The newline character is interpreted by the shell here I think, \n is required in the actual JSON format I believe.
If I add a LUA filter to output the specific key then it looks ok, my only concern is the multiline:
$ docker run --rm -it -v $PWD/:/fluent-bit/etc/:ro fluent/fluent-bit
Fluent Bit v1.9.6
* Copyright (C) 2015-2022 The Fluent Bit Authors
* Fluent Bit is a CNCF sub-project under the umbrella of Fluentd
* https://fluentbit.io
[2022/08/08 09:40:33] [ info] [fluent bit] version=1.9.6, commit=b30141ba90, pid=1
[2022/08/08 09:40:33] [ info] [storage] version=1.2.0, type=memory-only, sync=normal, checksum=disabled, max_chunks_up=128
[2022/08/08 09:40:33] [ info] [cmetrics] version=0.3.5
[2022/08/08 09:40:33] [ info] [sp] stream processor started
[2022/08/08 09:40:33] [ info] [output:stdout:stdout.0] worker #0 started
lua: {"tags": ["role:web", "env:prod"], "timestamp": "2022-07-29T14:47:16.733977Z", "level": "INFO", "host": "python-gunicorn-webapp-86849477d6-2qhnb", "path": "/myapp.py", "message": "Request on /path
", "logger": "myapp"}
lua: {"tags": ["role:web", "env:prod"], "timestamp": "2022-07-29T14:47:18.506932Z", "level": "INFO", "host": "python-gunicorn-webapp-86849477d6-2qhnb", "path": "/myapp.py", "message": "Request on /path
", "logger": "myapp"}
fluent-bit.conf:
[SERVICE]
Parsers_file parser.conf
[INPUT]
Name Tail
Read_from_head on
Path /fluent-bit/etc/test.log
[FILTER]
Name parser
Parser docker
Key_name log
Match *
[FILTER]
Name lua
Match *
script test.lua
call cb_print
[OUTPUT]
Name stdout
Match *
test.lua:
function cb_print(tag, timestamp, record)
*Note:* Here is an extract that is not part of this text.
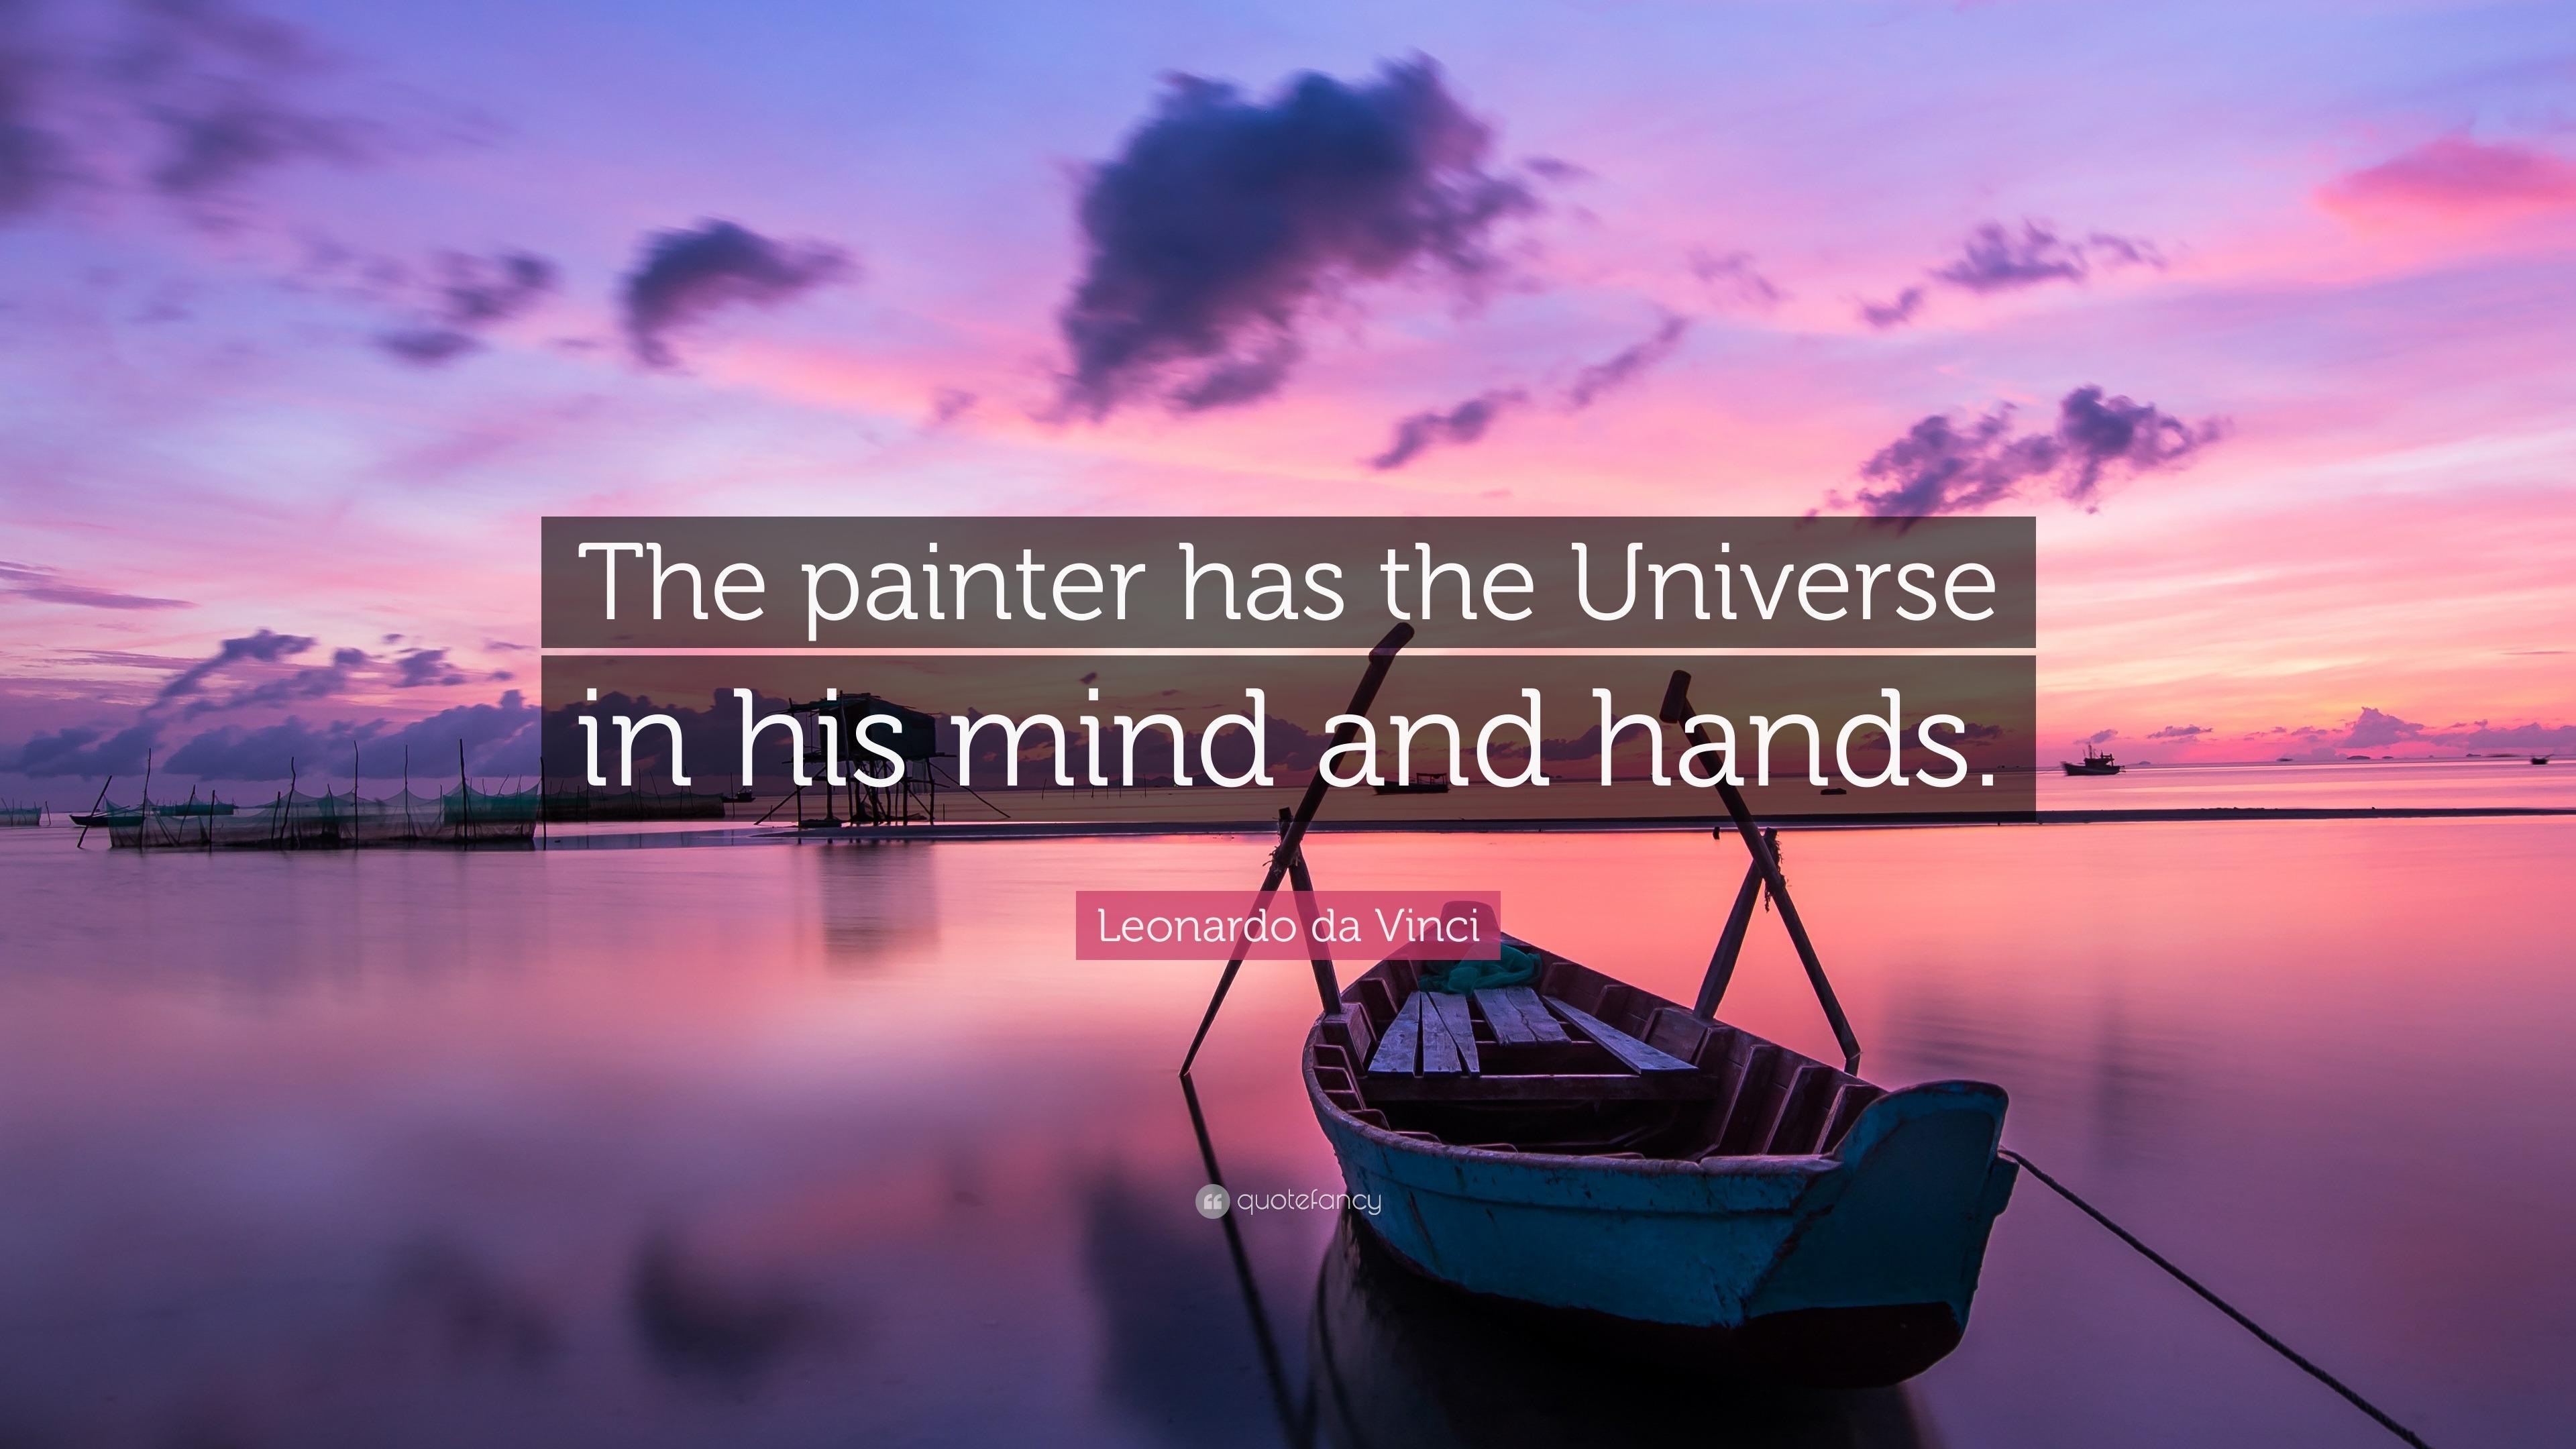 Vincent Van Gogh Quotes Wallpaper Leonardo Da Vinci Quote The Painter Has The Universe In
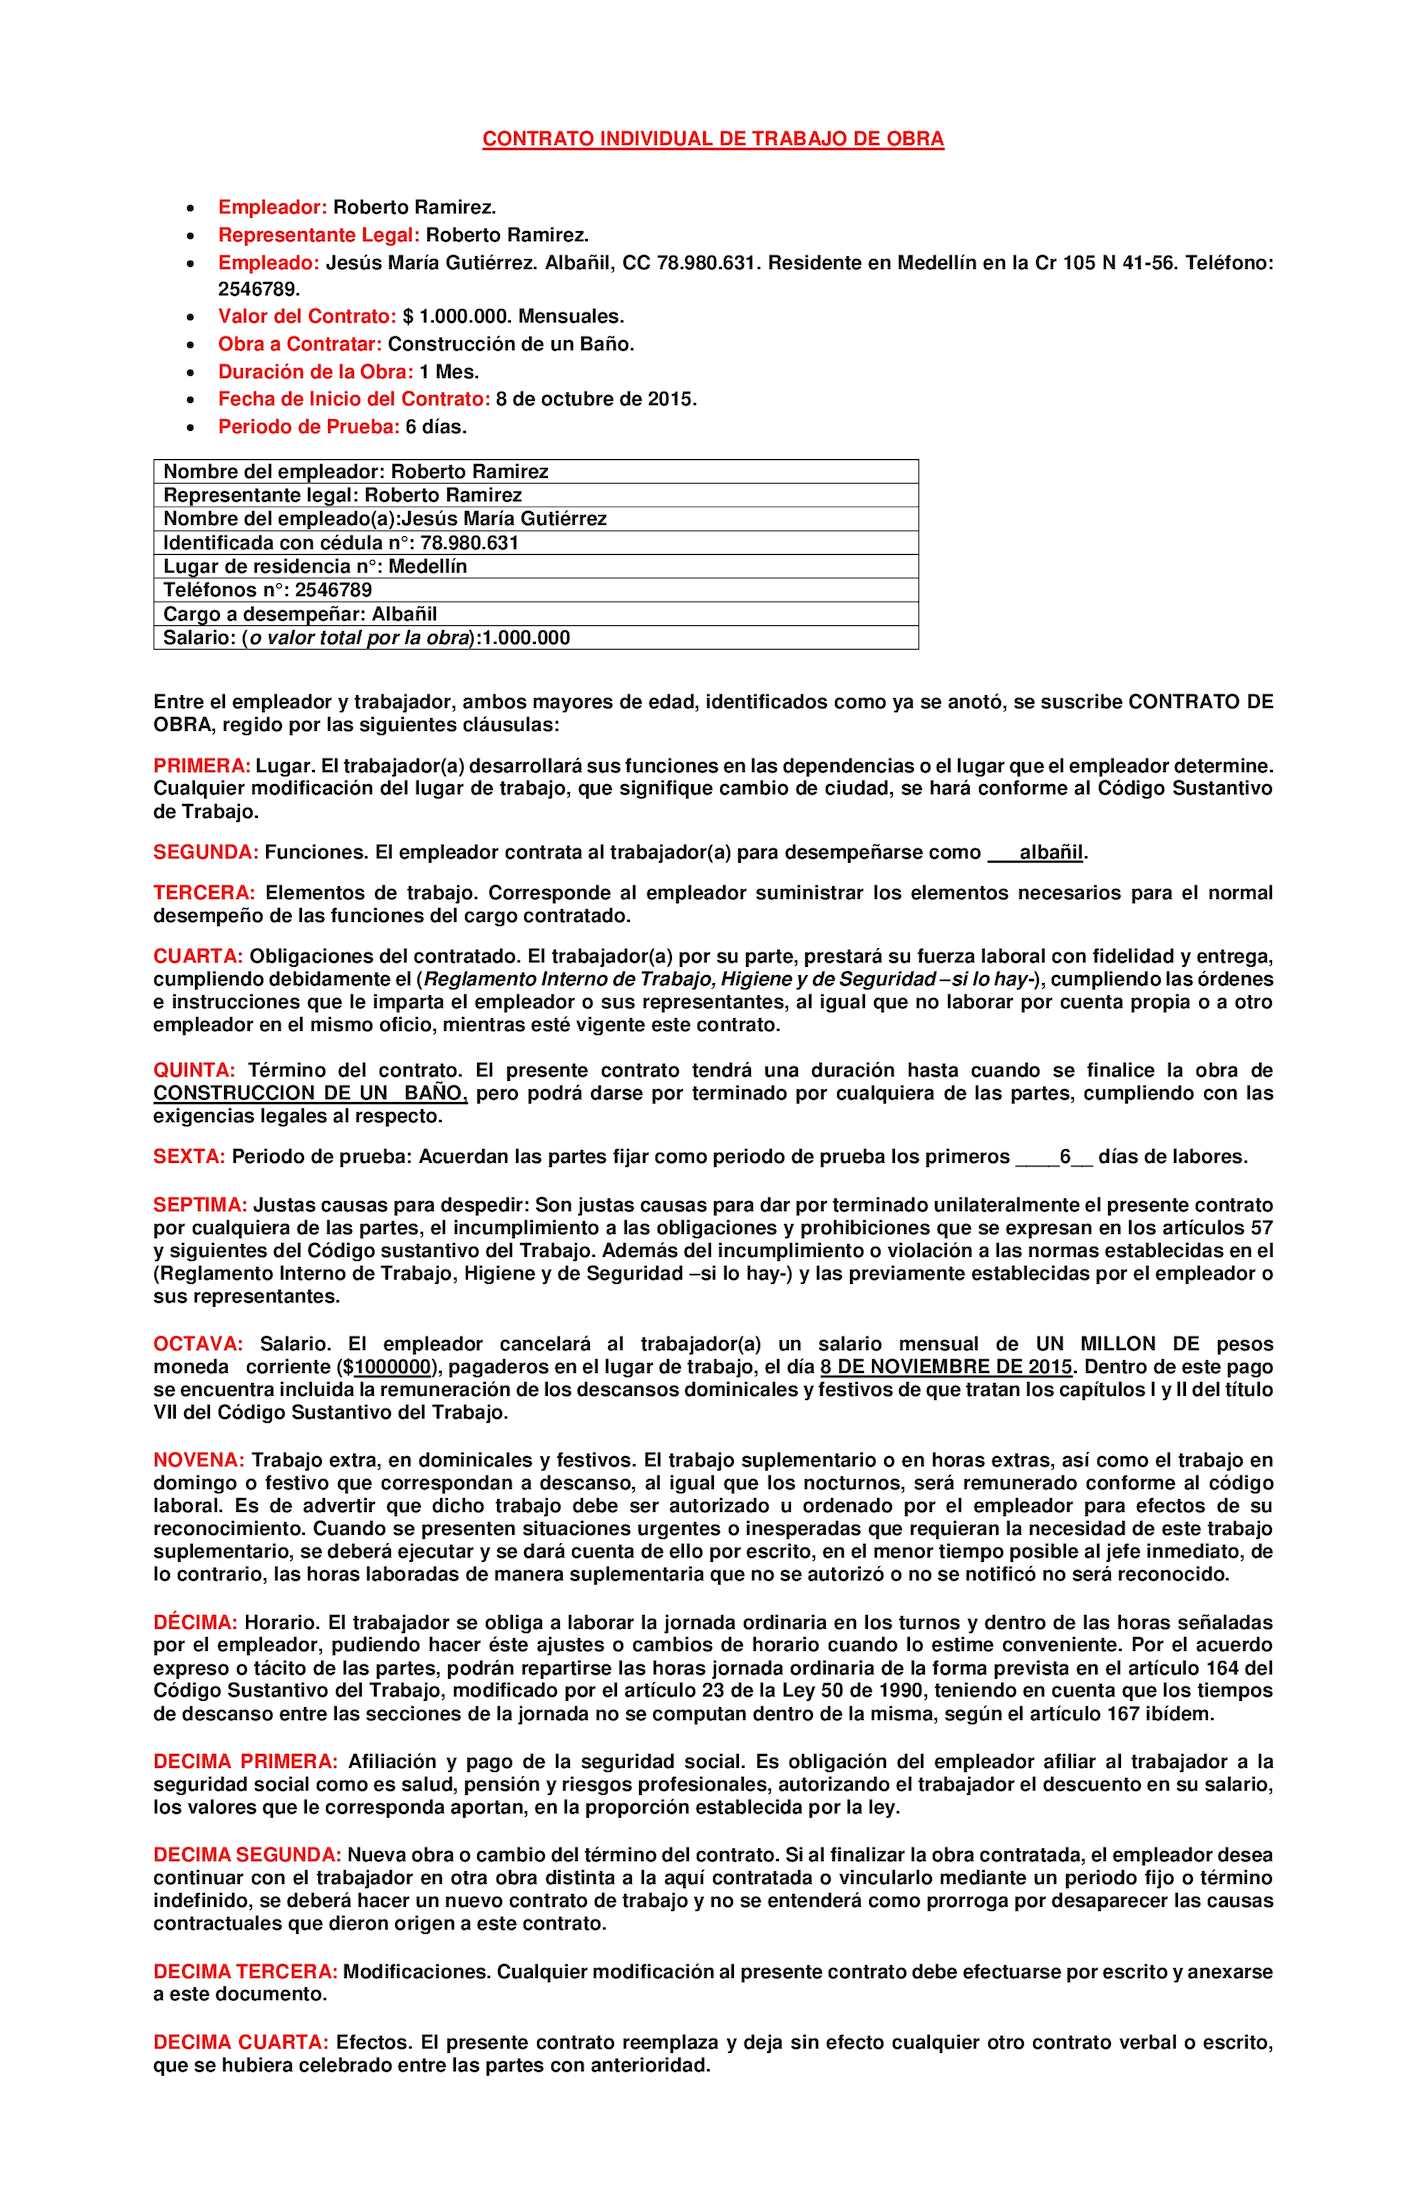 Calameo Contrato Individual De Trabajo De Obra Completo

print("lua:", record['log'])
return 0, timestamp, record
end
This issue is stale because it has been open 90 days with no activity. Remove stale label or comment or this will be closed in 5 days. Maintainers can add the exempt-stale label.
This issue was closed because it has been stalled for 5 days with no activity.